I think it is much more useful to think of the body as a dynamic energy-processing system, rather than a ledger of calories.
A chronic calorie deficit will trigger a suppression of the active thyroid hormone T3. Lowering T3 causes a lowering of the metabolic rate, which lowers the rate of caloric burn at rest.
#4212 doesn’t advocate a chronic deficit. Still, I’ll edit it to say that people shouldn’t be in prolonged deficits.
On a general note, your writing would benefit from simplification. I’ve noticed this throughout your contributions on V, but here are some examples from this specific idea:
“will trigger a suppression of” -> ‘suppresses’
“causes a lowering of” -> ‘lowers’
“An alternative is to improve” -> ‘Instead, improve’
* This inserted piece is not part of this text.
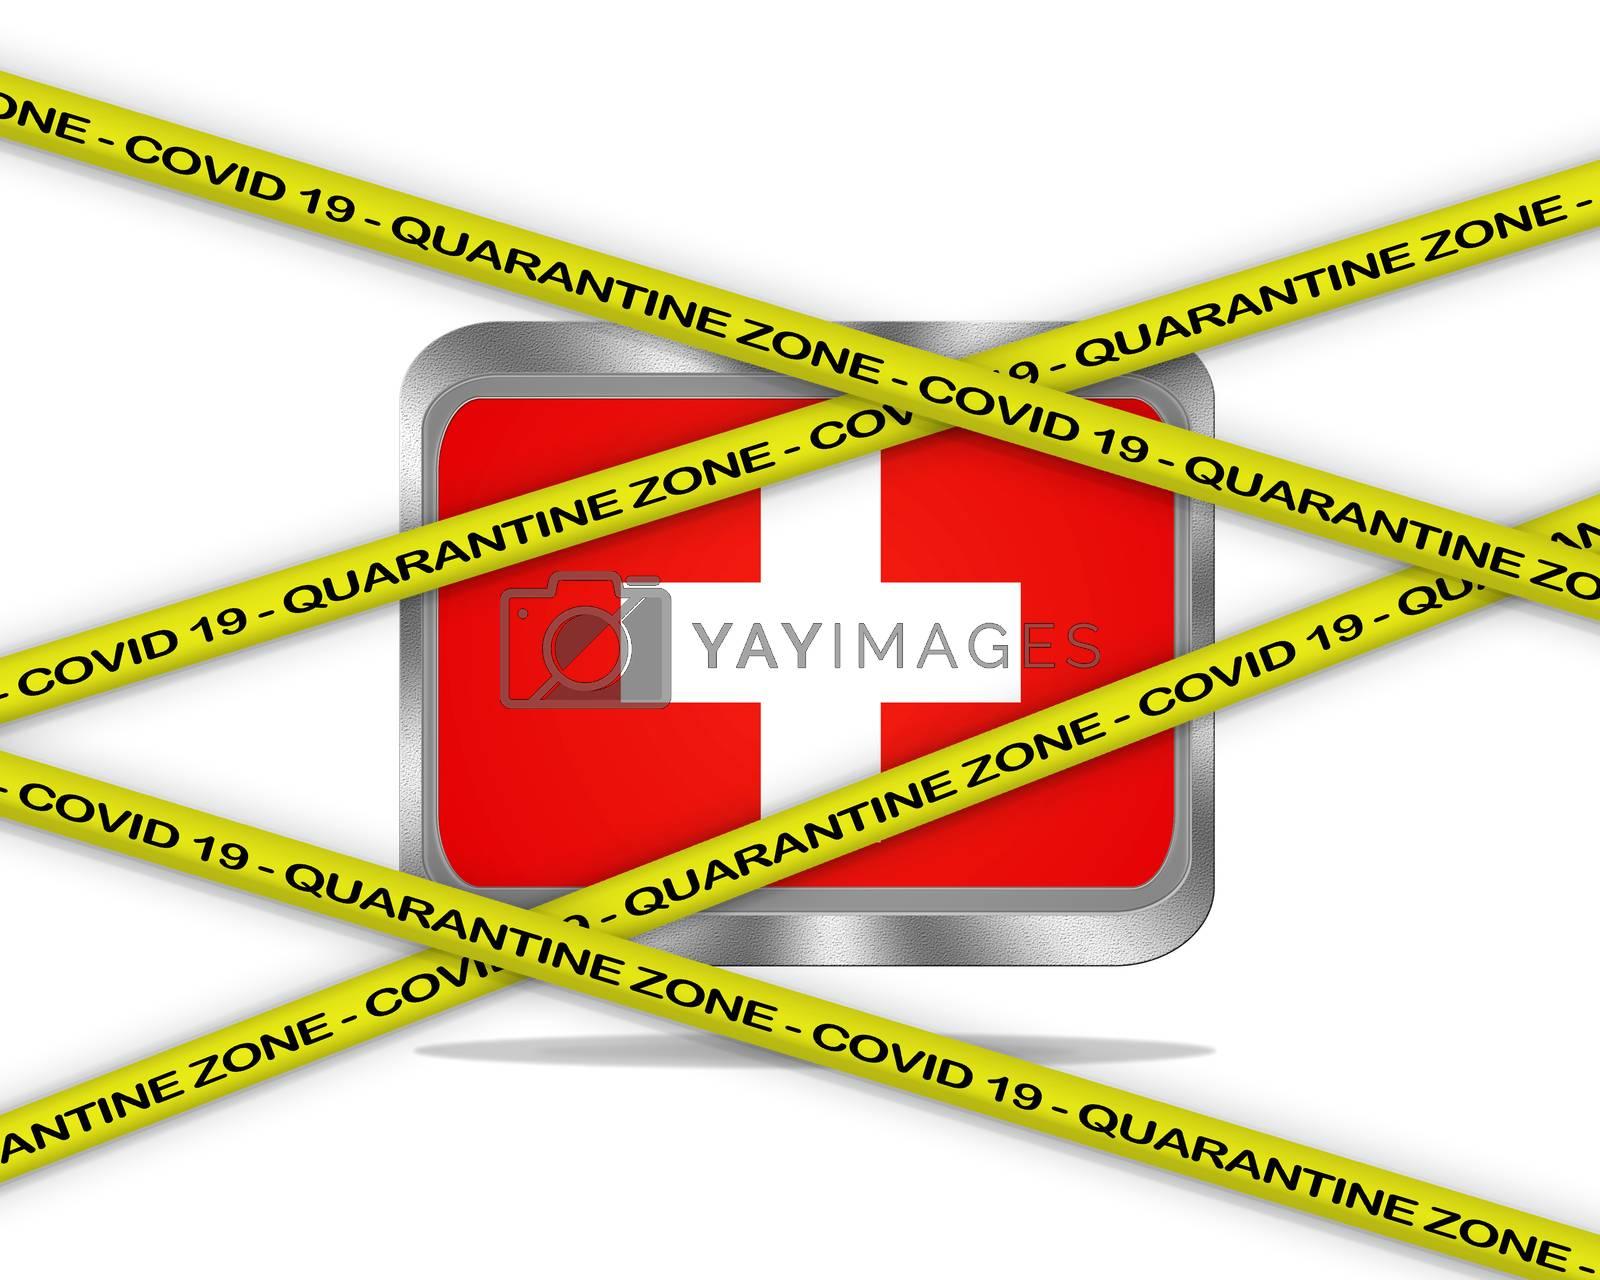 COVID-19 warning yellow ribbon written with: Quarantine zone Cover 19 on Switzerland flag illustration. Coronavirus danger area, quarantined country.

“is kept the same” -> ‘stays the same’
“This would be preferred by the body” -> ‘The body would prefer this’
“utilised” -> ‘used’
I like to follow George Orwell’s writing advice (especially 2, 4, and 5):
- Never use a metaphor, simile, or other figure of speech which you are used to seeing in print.
- Never use a long word where a short one will do.
- If it is possible to cut a word out, always cut it out.
- Never use the passive [voice] where you can use the active [voice].
- Never use a foreign phrase, a scientific word, or a jargon word if you can think of an everyday English equivalent.
- Break any of these rules sooner than say anything outright barbarous.
Yes, there are many factors that influence how many calories the body metabolizes. I’d add fiber content and thermic effect. But I think of them as footnotes to the CICO model, not criticisms. Taking them into account makes CICO more accurate. Cronometer takes them into account.